Alice fully admits that she doesn’t like talking about her illness. It is still difficult to discuss with her parents despite the fact that they want to understand. They don’t even know about her blog yet.

So it is a privilege that Alice would talk with me. She is a compelling woman both in writing and in person. Fully aware that she can alternately put on a happy face or isolate herself to protect others from seeing the severity of her moods, I trust that someone who is looking as fearlessly into themselves as she is will find something real.

Alice writes and speaks of herself with the critical eye of one who needs answers and knows that she must make her own.  In my struggle to write about someone who can so clearly write about themselves, I had a chance to peel back another layer of what sustains us.

This project is really about reflecting back to people the impact they are having. I have already written about how closely I have had to look at myself through this process and a number of readers have shared their own reflections. I am not sure if I have written clearly enough about the impact the people I eat with make without realizing it.

Alice is extraordinary, even though she does not know it yet. Her power lies not in the happy face she can put on, but in who she really is when she lets it down. In a world where journalists are often encouraged to expose people, it is a true privilege to be a writer who documents people exposing themselves.

There is a power in who we are and when we take responsibility for that power, we are indeed impactful.  The fact is that the tough stuff is what we transform into the best of who we are. Alice is not bipolar disorder, but she is using the fact that she has it to understand herself and approach others with more sensitivity.

We spoke about the difficulty friends, family, colleagues and even some professionals have knowing how to address people who are struggling beneath the rather impersonal diagnoses and issues that plague so many.
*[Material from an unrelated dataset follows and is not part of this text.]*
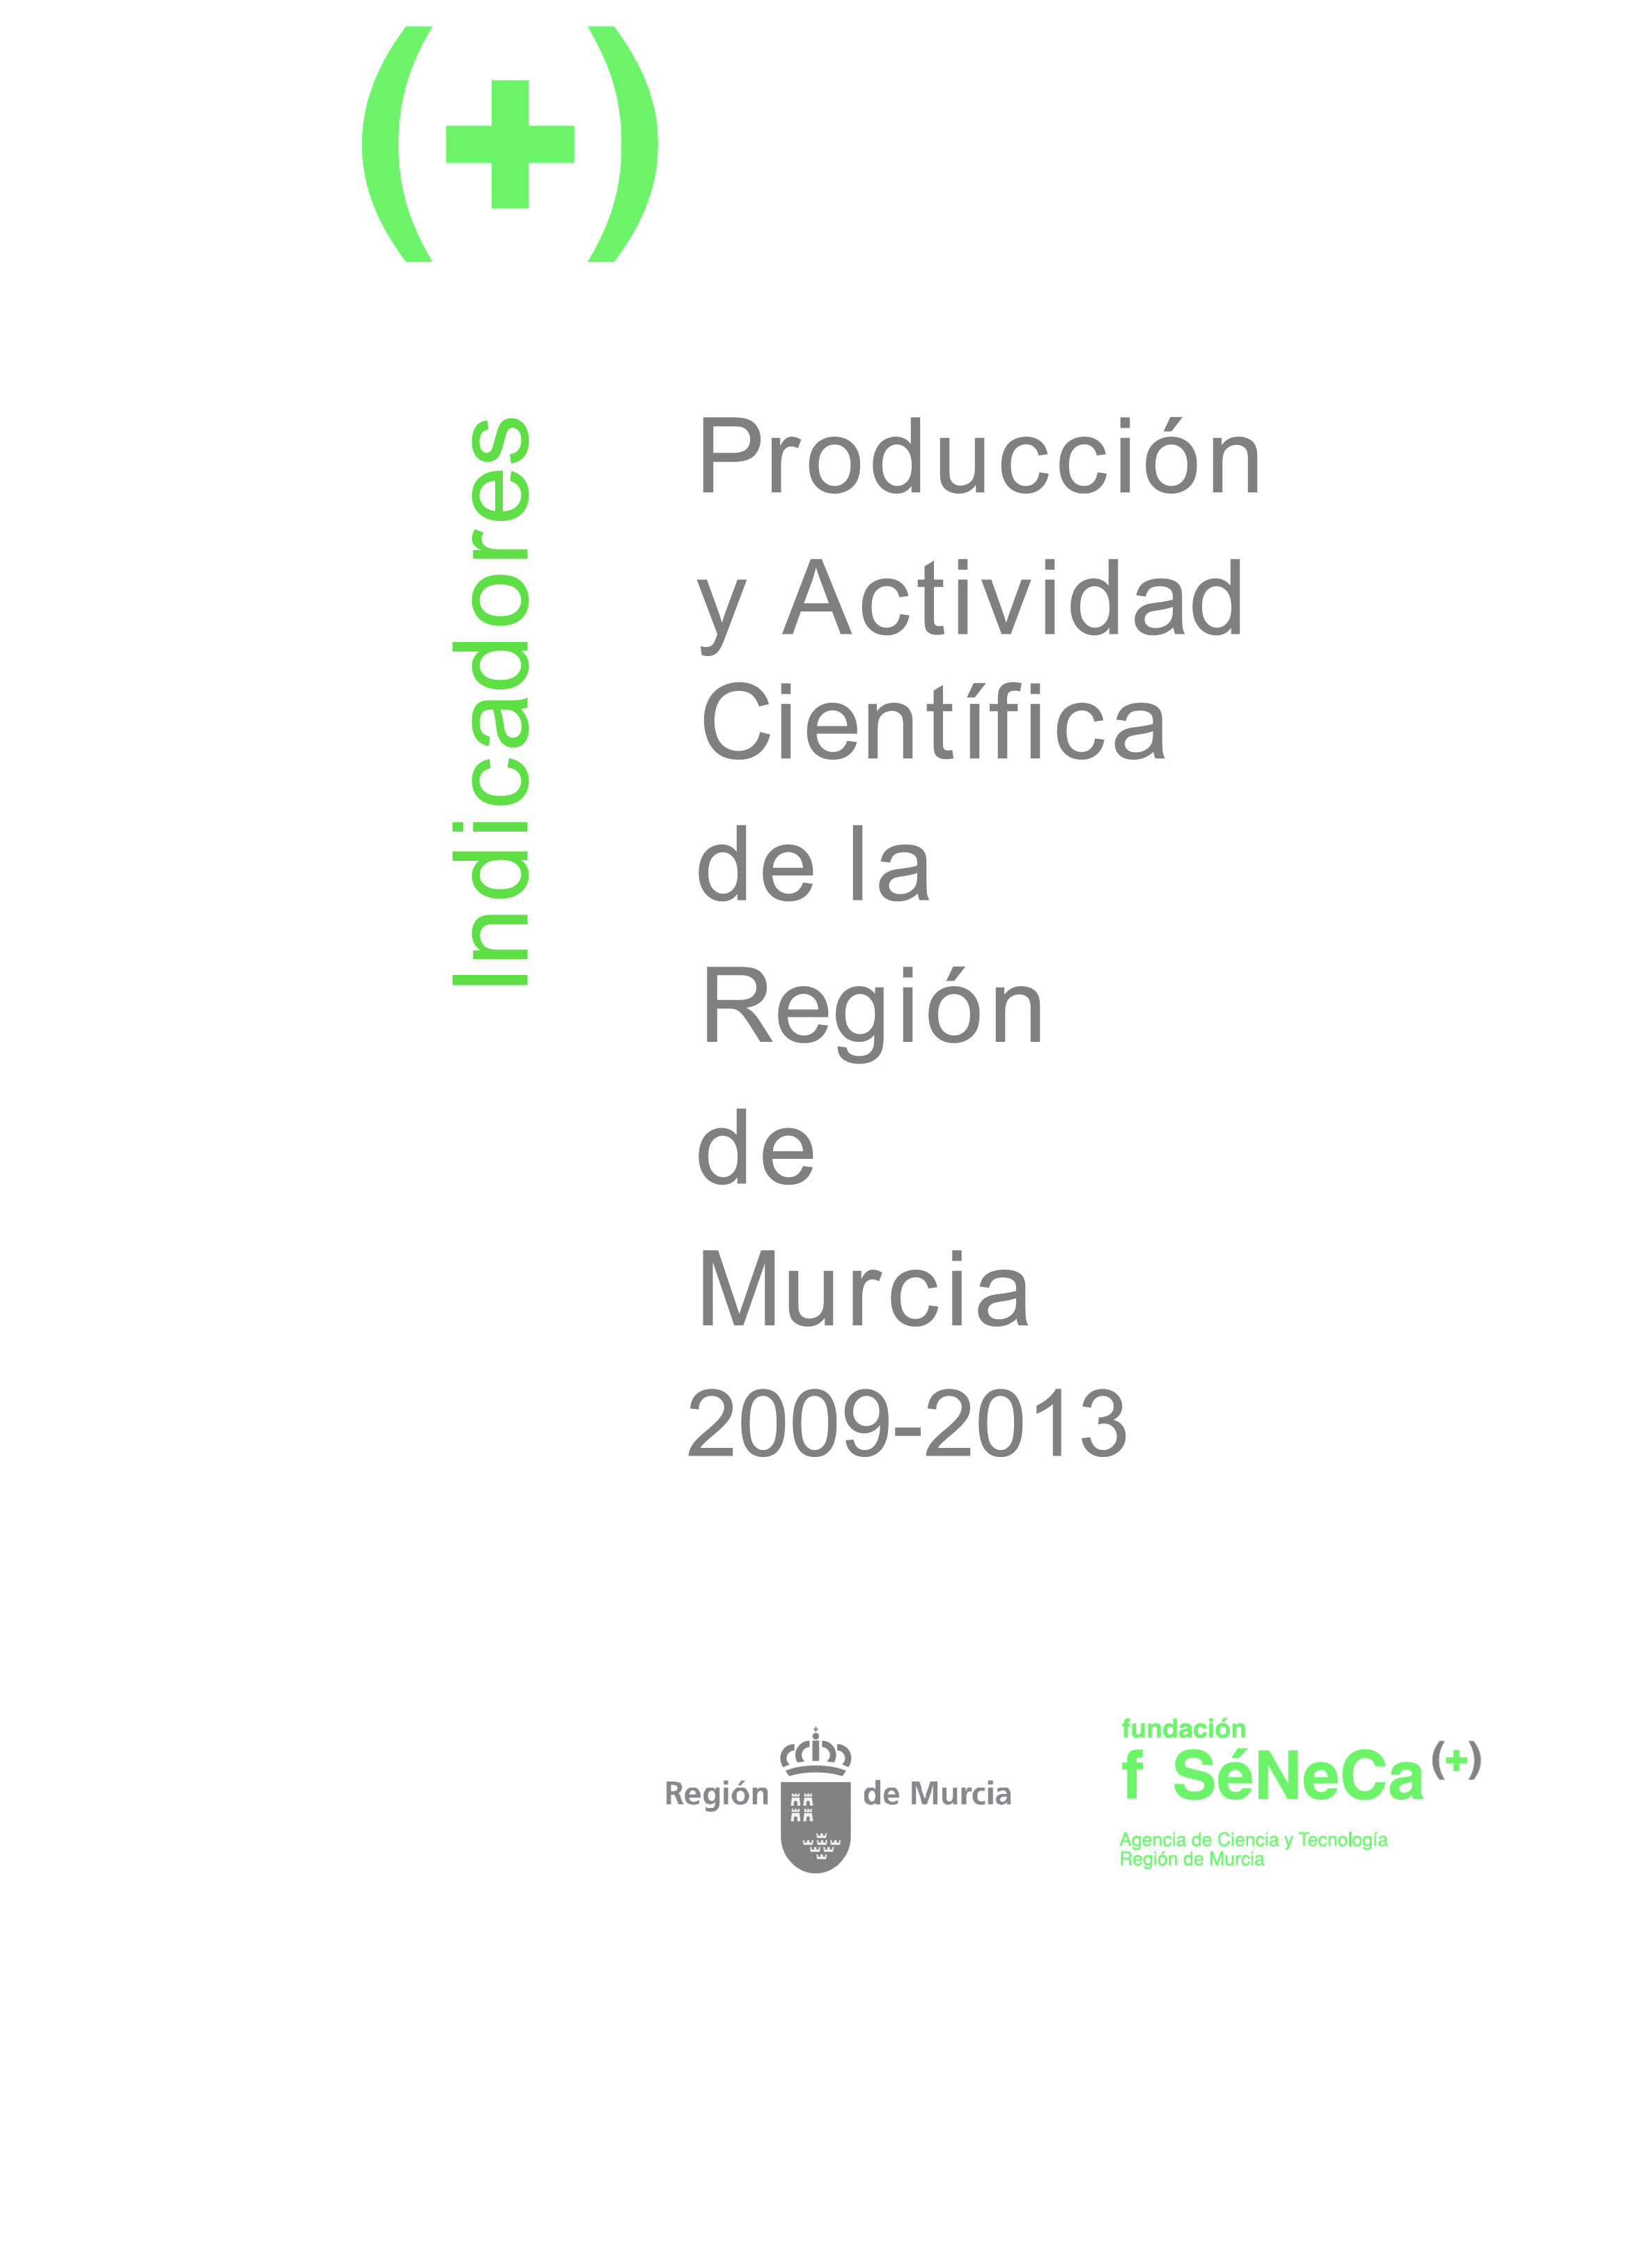 Indicadores de Producción y Actividad Científica de la Región de Murcia 2009-2013

Whether we write about ourselves, read about others or simply enjoy all the conversations in between, there is more to us than the labels we use to understand and ultimately transform what ails us.

For Alice, like most of us, it is the company of a friend who is comfortable saying nothing at all that provides the greatest comfort.  When we say nothing at all, whether we sit alone or in company, we’d do well to take a moment to be amazed by the courage it takes to be human and to consider the fact that we all have it.